> _Problem statement_: Without the pictures, set down every line of the data exactly.

> _Supplied information_:
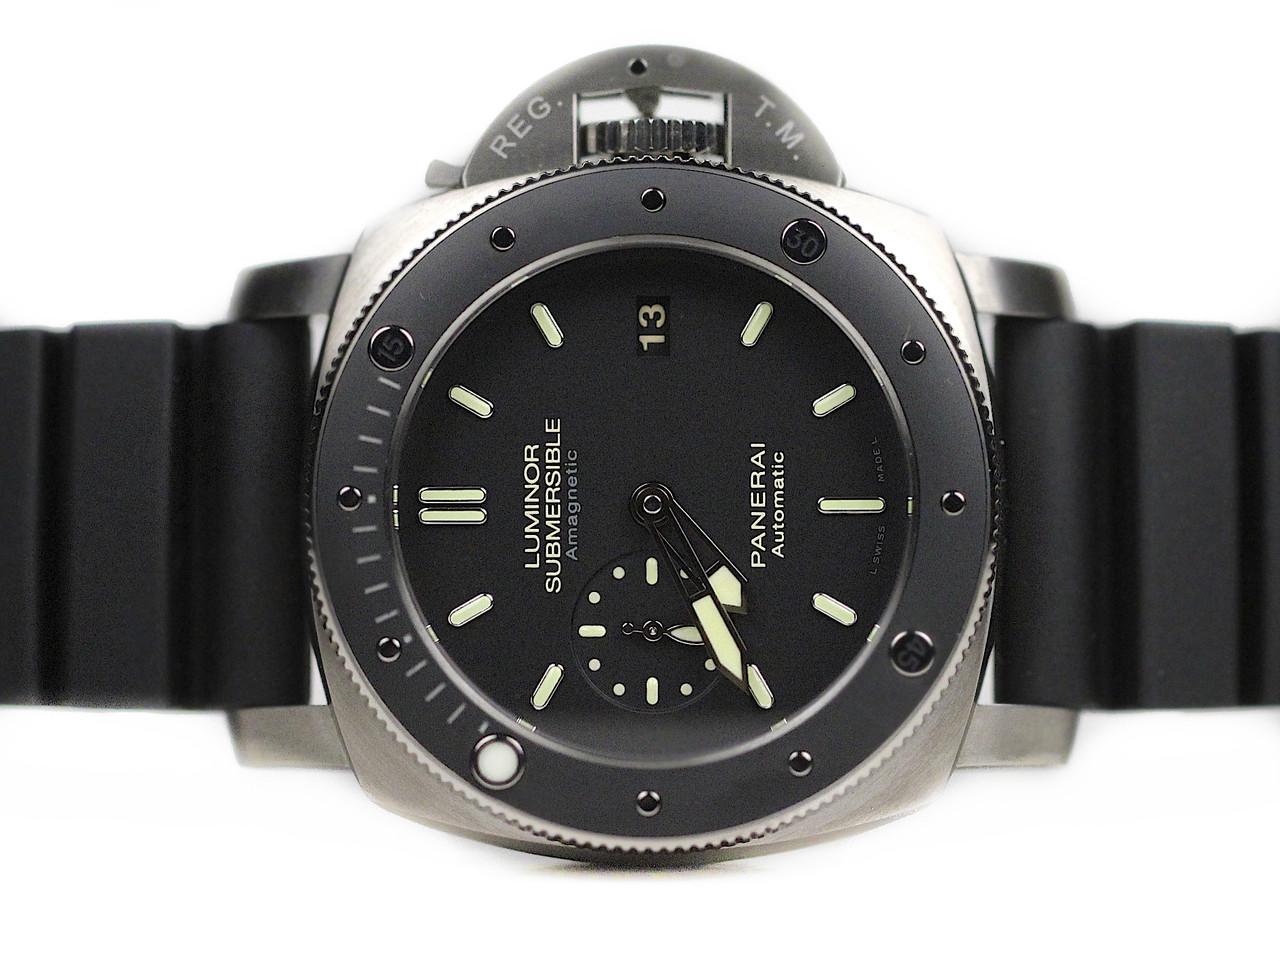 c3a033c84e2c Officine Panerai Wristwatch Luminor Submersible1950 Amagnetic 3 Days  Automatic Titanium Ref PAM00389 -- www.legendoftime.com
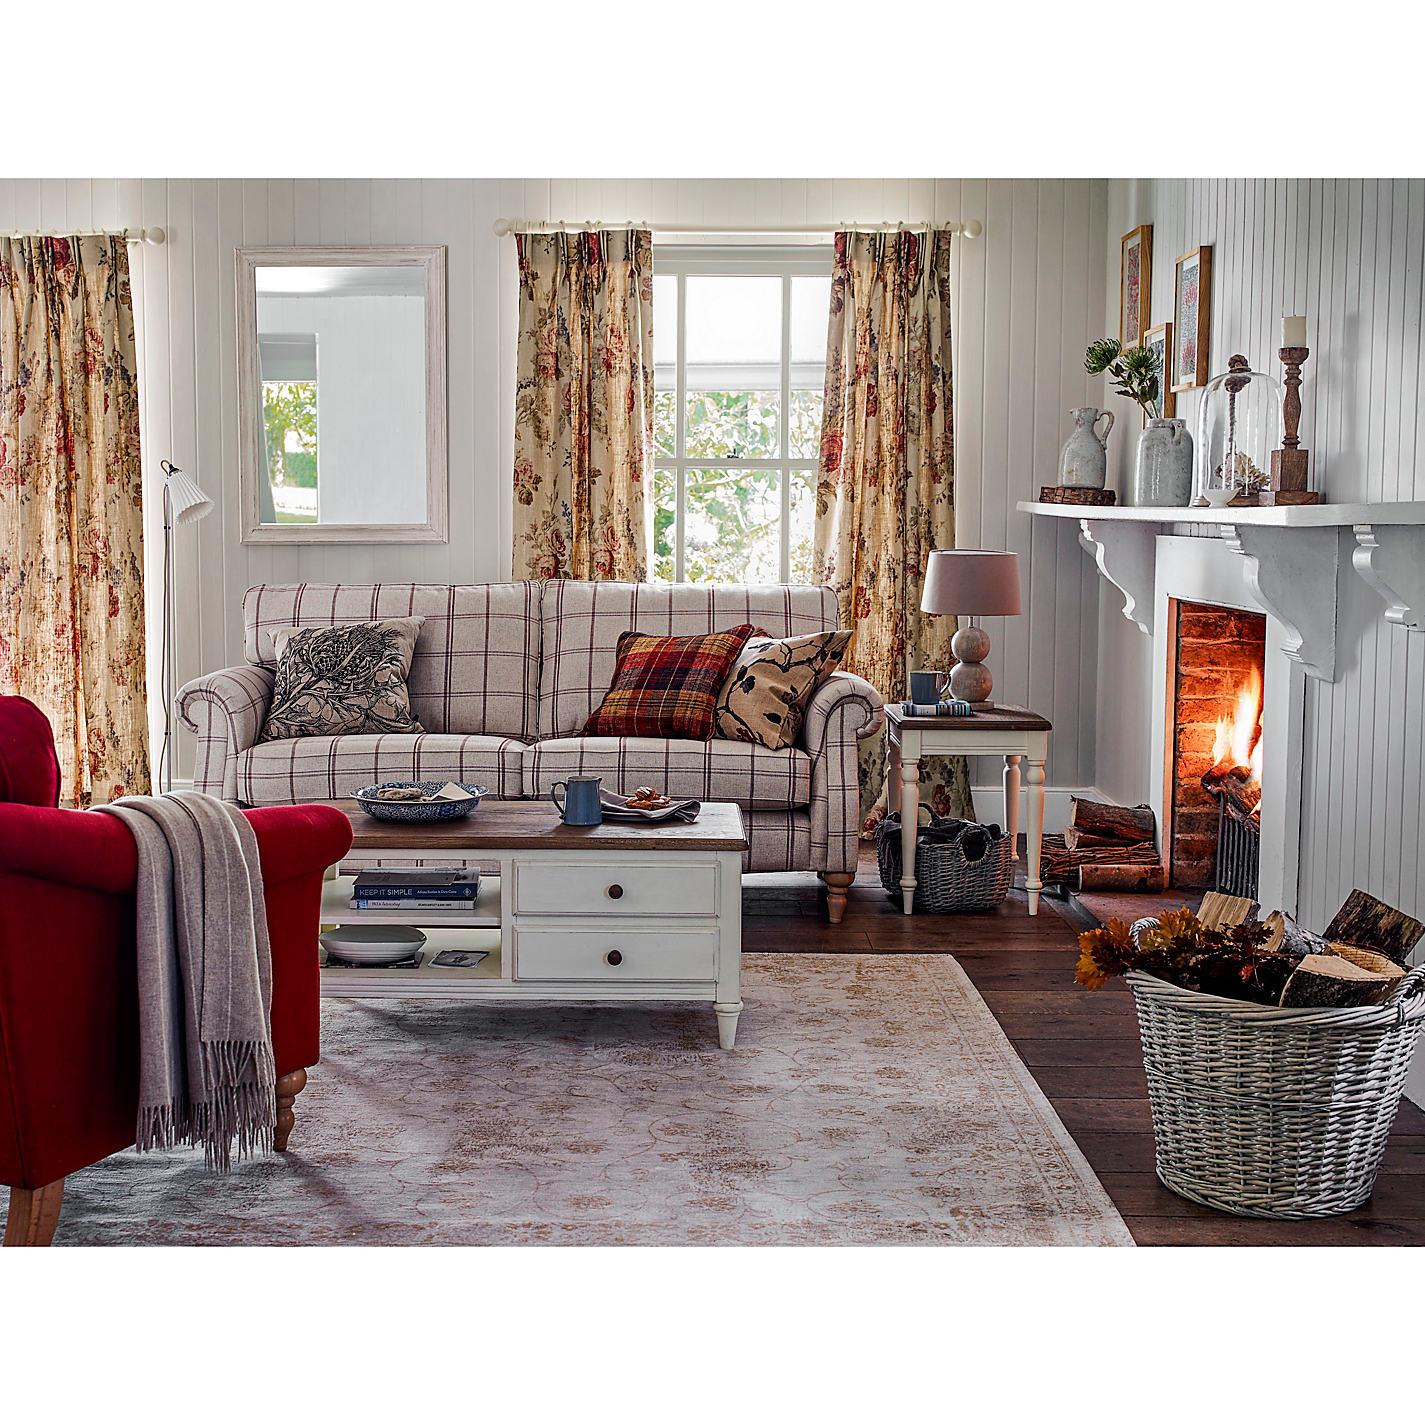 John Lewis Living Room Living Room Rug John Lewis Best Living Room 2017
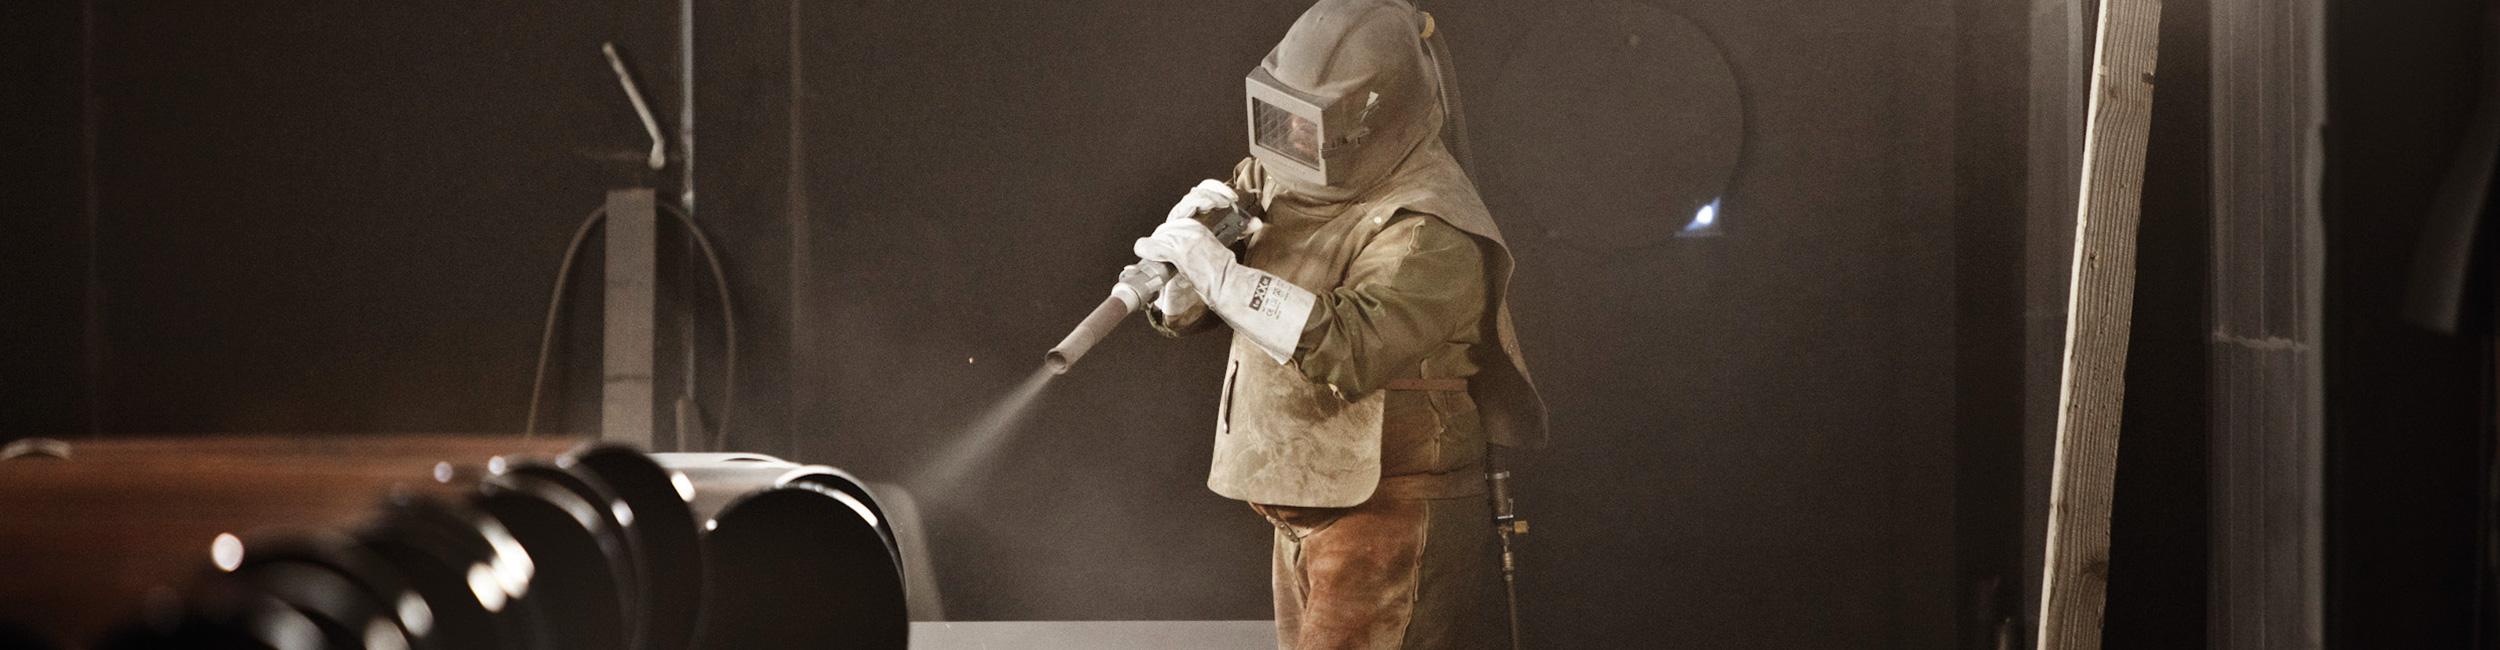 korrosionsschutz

> _Result of the exercise_:
 c3a033c84e2c Officine Panerai Wristwatch Luminor Submersible1950 Amagnetic 3 Days  Automatic Titanium Ref PAM00389 -- www.legendoftime.com
 John Lewis Living Room Living Room Rug John Lewis Best Living Room 2017
 korrosionsschutz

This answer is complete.